▶ **What is needed**:
The whole listing below should be retyped exactly, without any images.

------ Dataset section

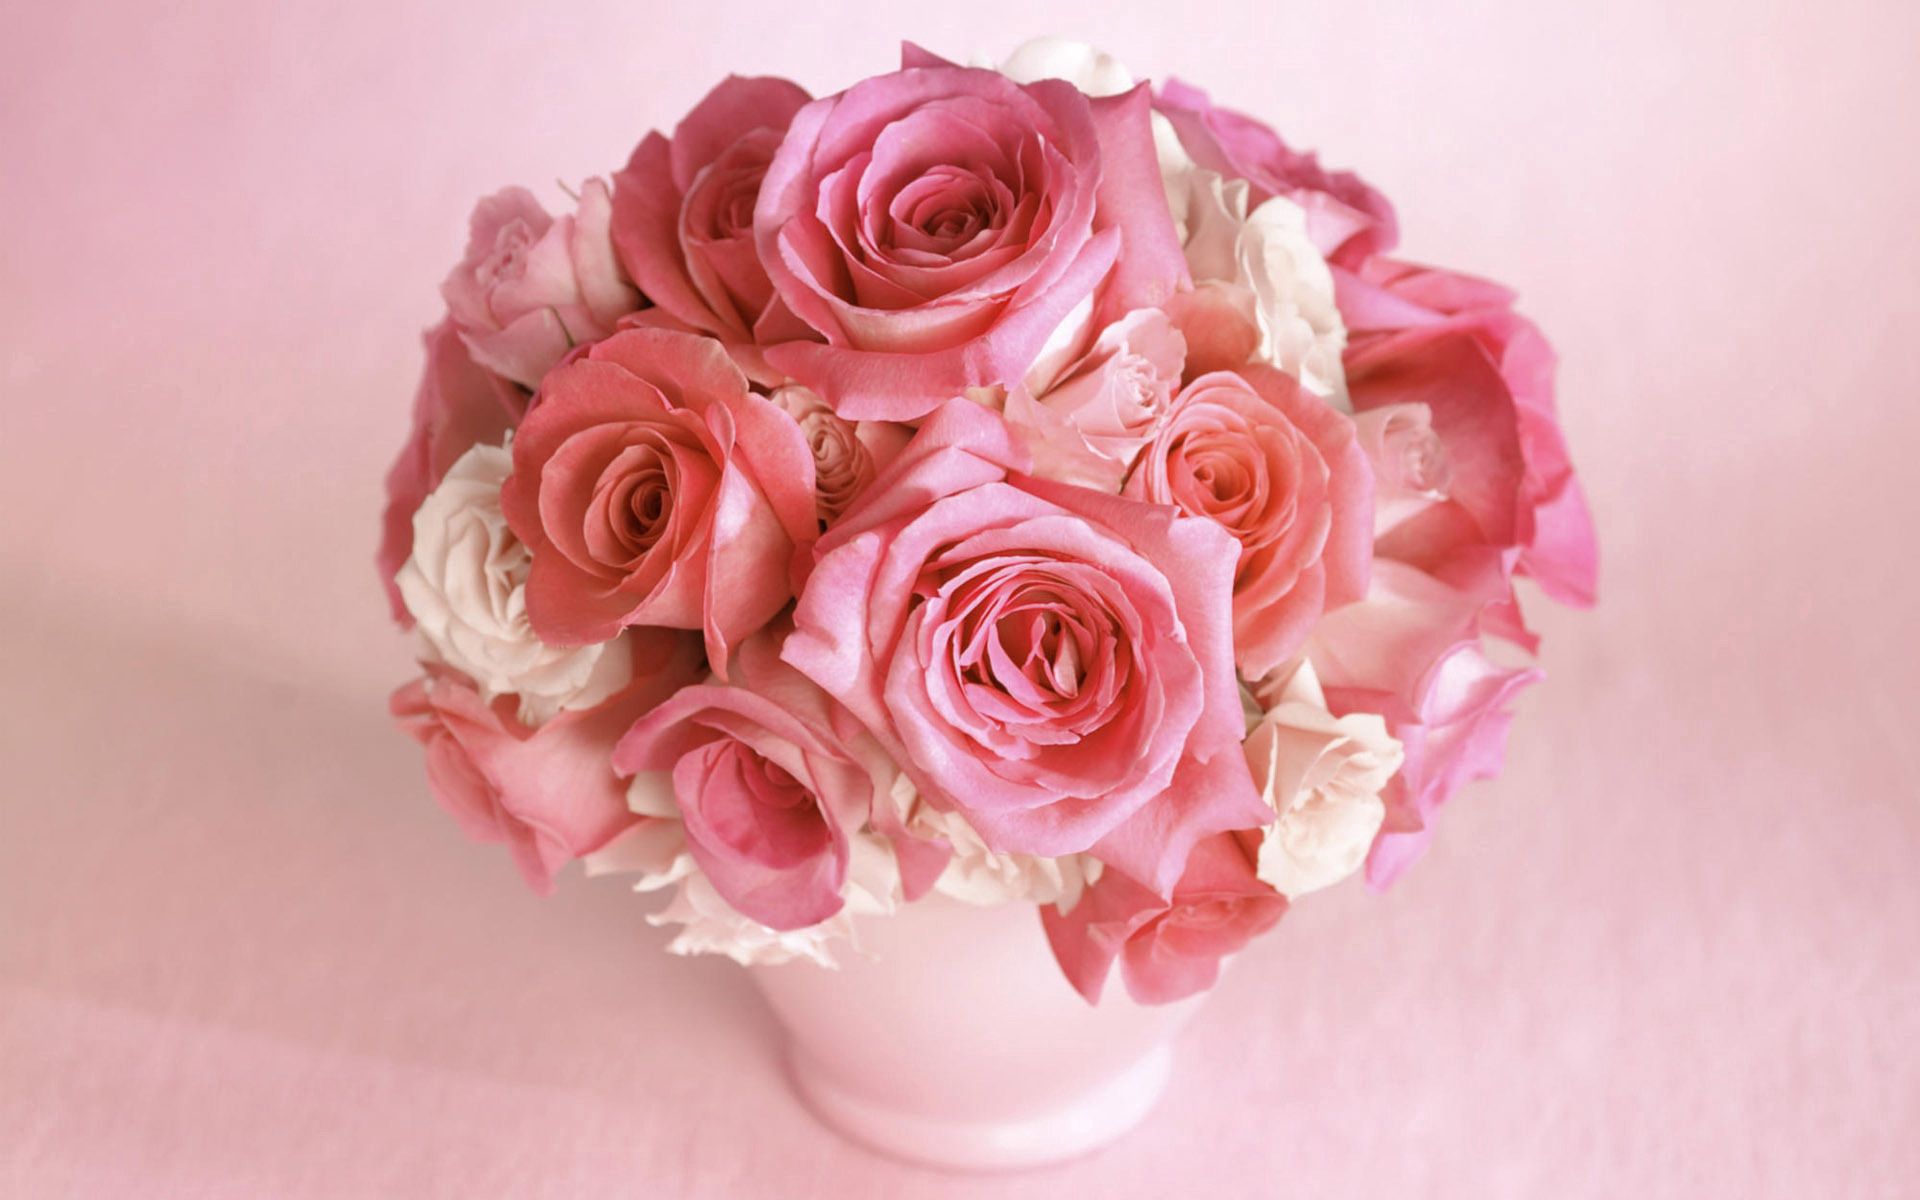 roses, flowers, bouquet, vase Image for desktop
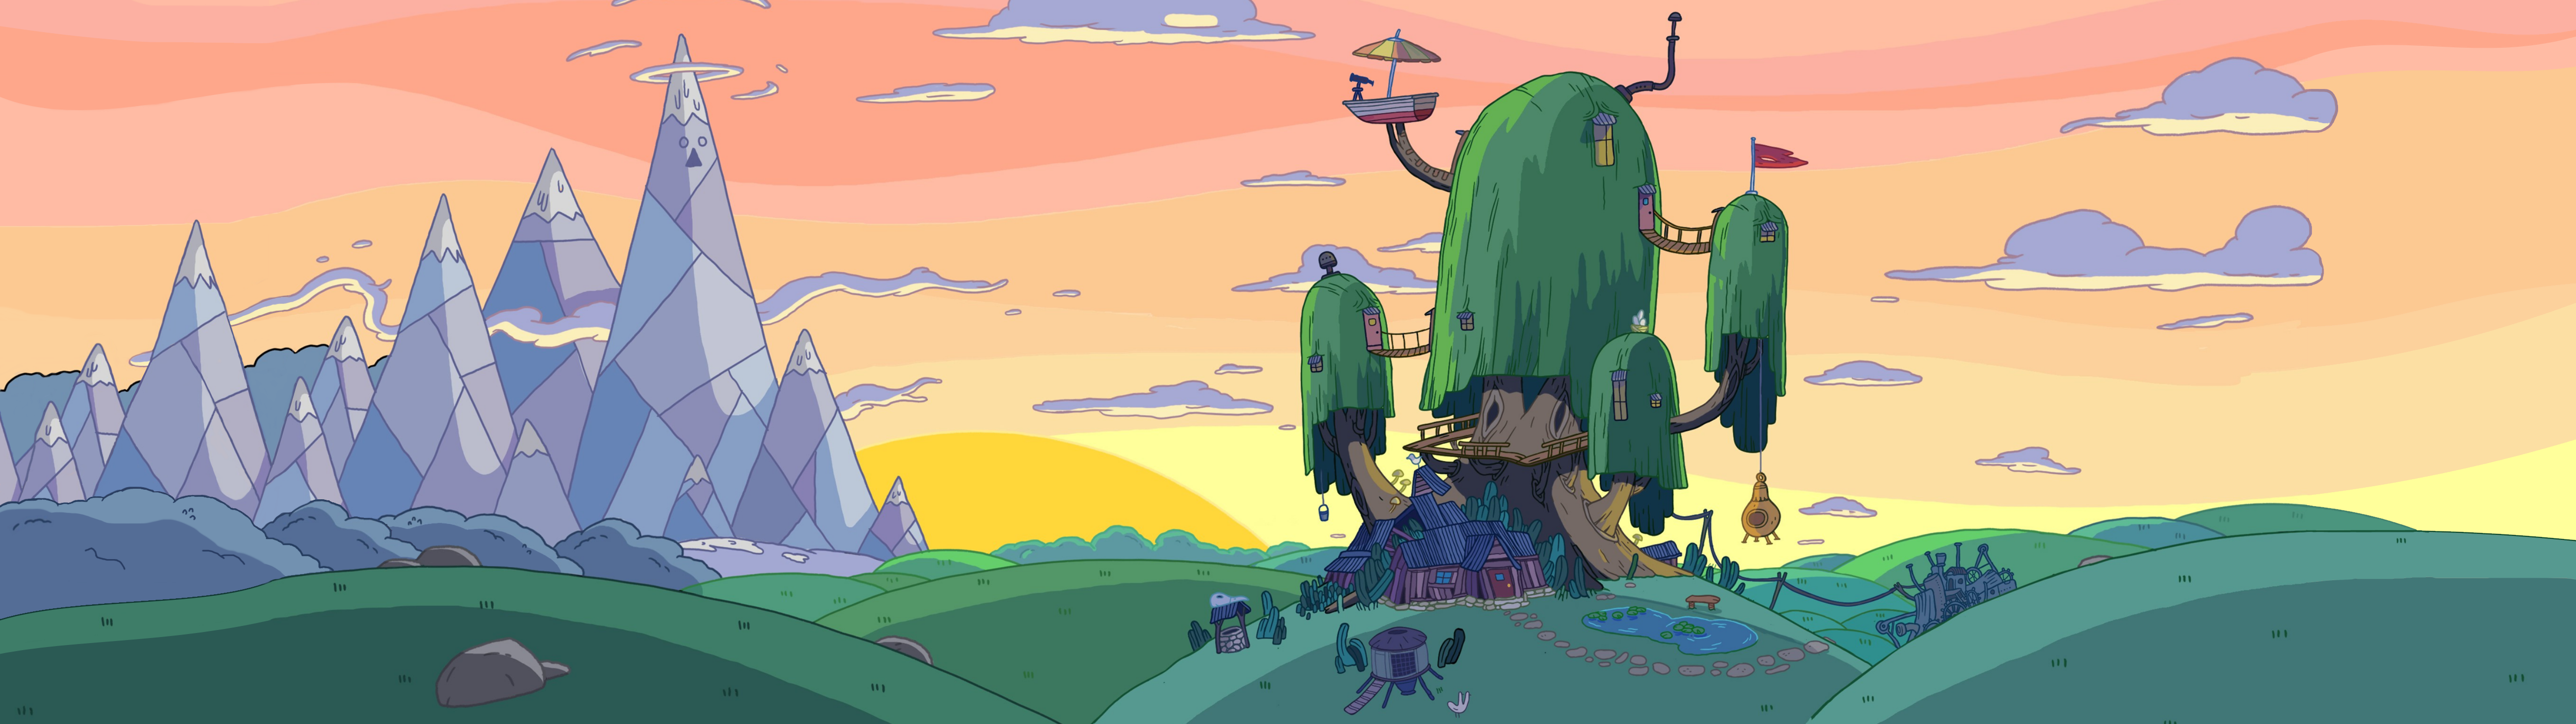 Adventure Time Landscape Ultrawide Cartoon 5120x1440
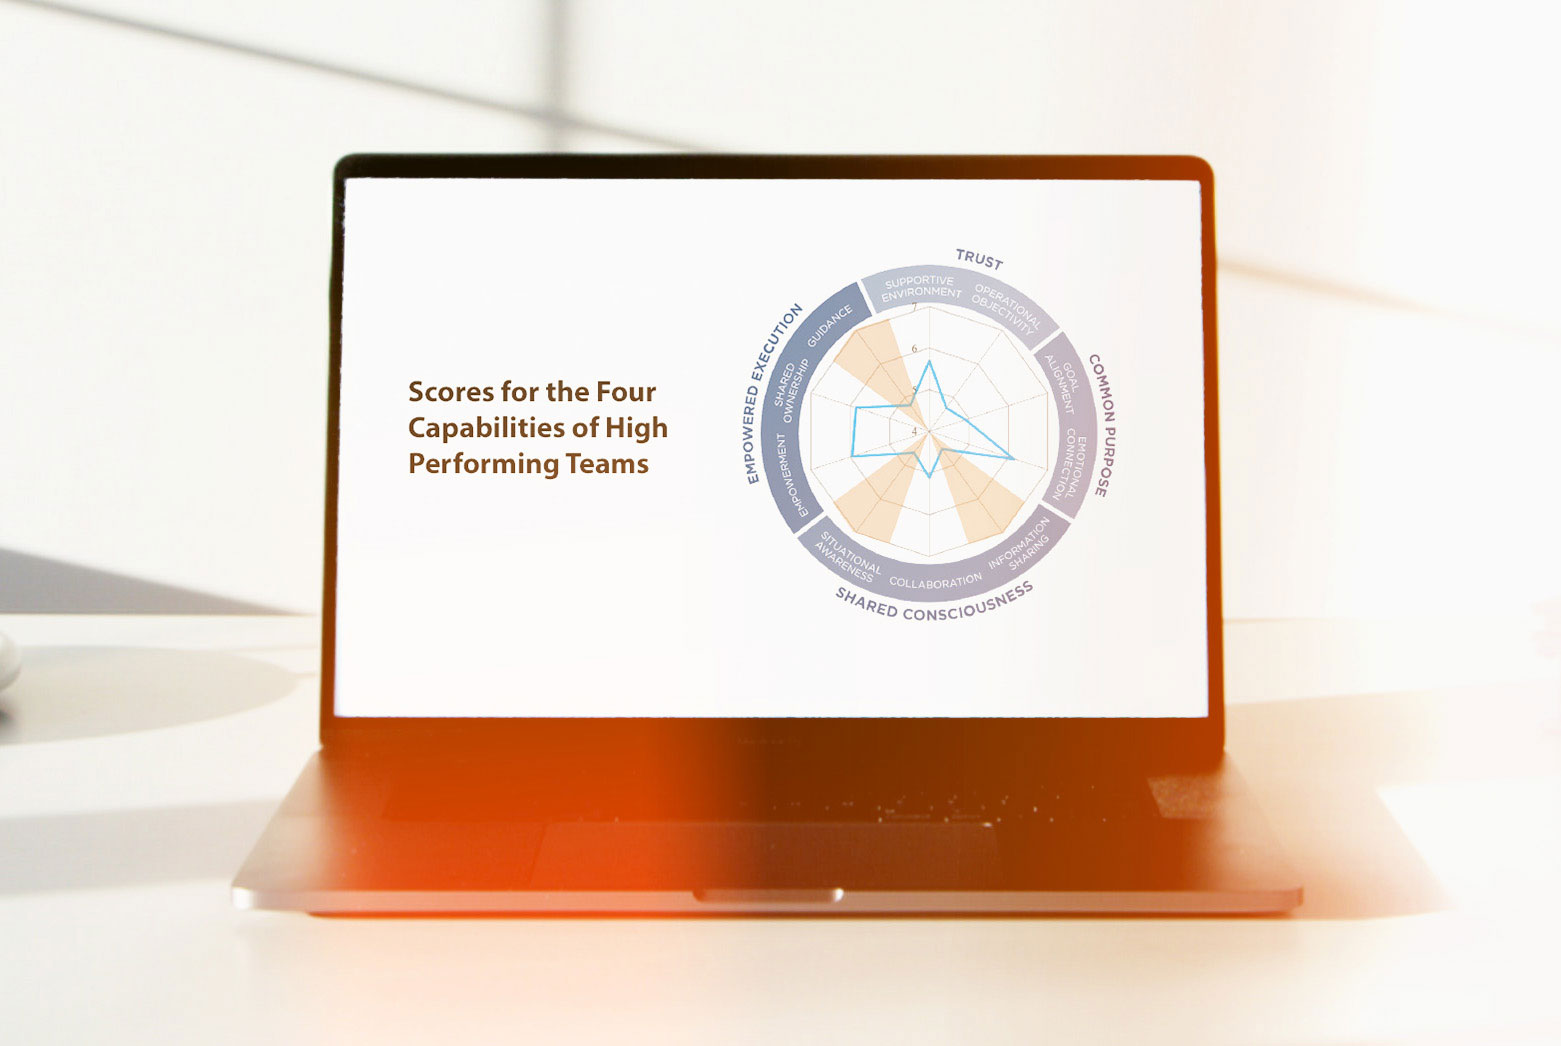 Example of Performance Analysis

------------

▶ **Response to the task**:
 roses, flowers, bouquet, vase Image for desktop
 Adventure Time Landscape Ultrawide Cartoon 5120x1440
 Example of Performance Analysis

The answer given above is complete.